Nächsten Monat geht es nach Fuerteventura zu Freunden. Später im Jahr dann wieder in die Karibik. Und letzten Winter war Béatrice vier Monate in Australien. Sie, die einst die ganzen Sommerferien eingesperrt in ihrem Zimmer in Linden verbrachte, weil sie ein anderes Kind «angegrinst» hatte, ist nur noch selten zu Hause. «Damals hatte mich meine Mutter gefragt, warum ich so bleich von den Ferien in der Methernitha zurückkomme. Ich durfte nichts erzählen und sie hat nicht nachgefragt.»
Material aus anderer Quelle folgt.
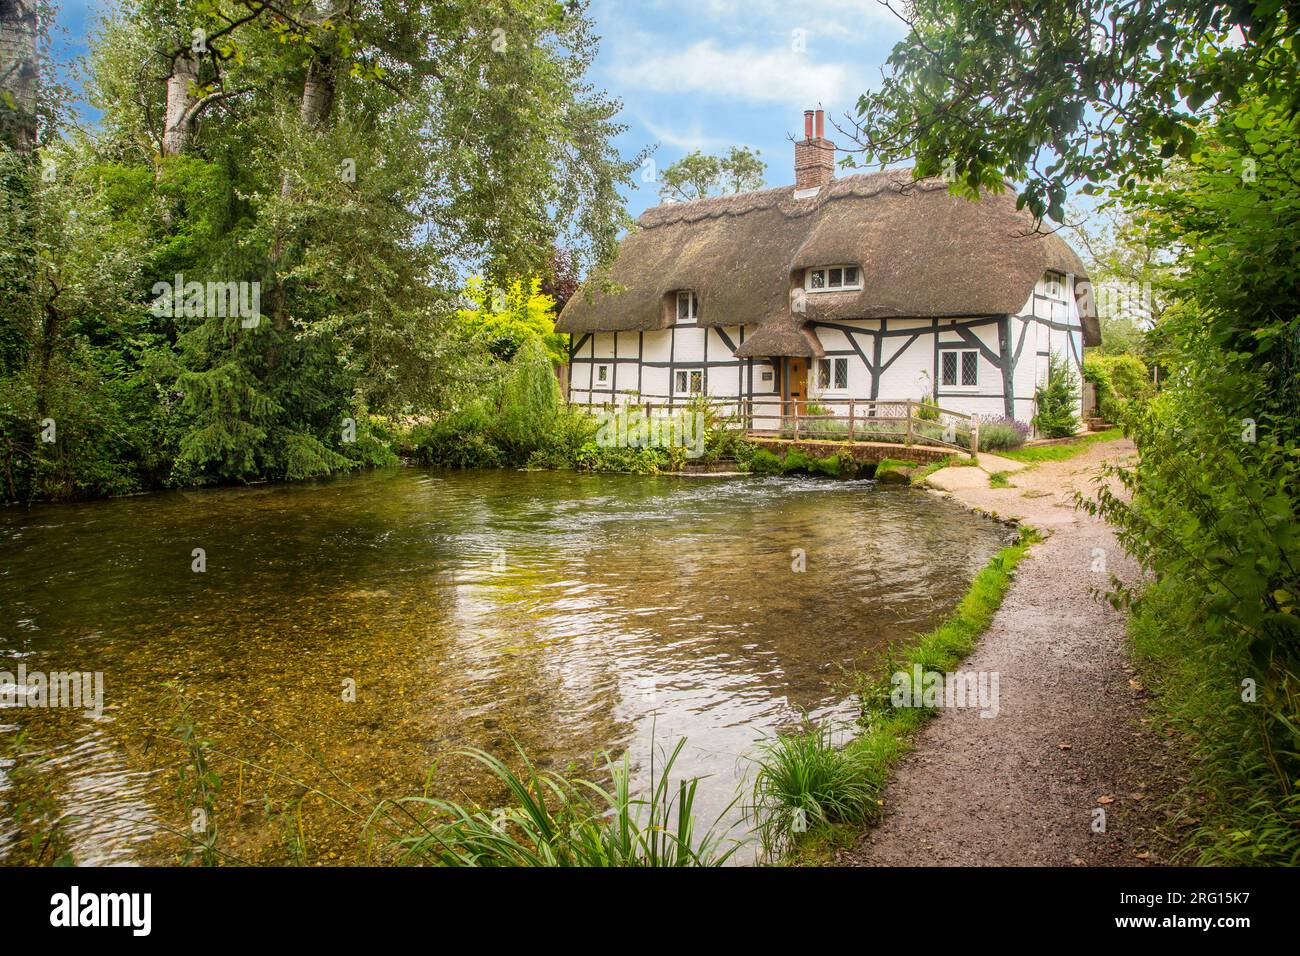 the Fulling mill in the Hampshire village of Alresford standing on the river Alresford Stock Photo

Die Serie hat bei den Betroffenen viel ausgelöst. Béatrice hat erst jetzt ausführlich mit ihrer Familie darüber geredet, was ihr widerfahren ist. Marina Klauser: «Was die Frauen verbindet, ist, dass sie sich nach dem Ausstieg ins Leben zurückkämpfen und unglaublich viel lernen mussten.» – «Ich weiss ja nicht mal, wie man tanzt!», ergänzt Béatrice. «Wenn ich auf dem Kreuzfahrtschiff bin, mache ich es halt trotzdem. Ich wackle einfach herum – und meist folgen mir die anderen auf die Tanzfläche.»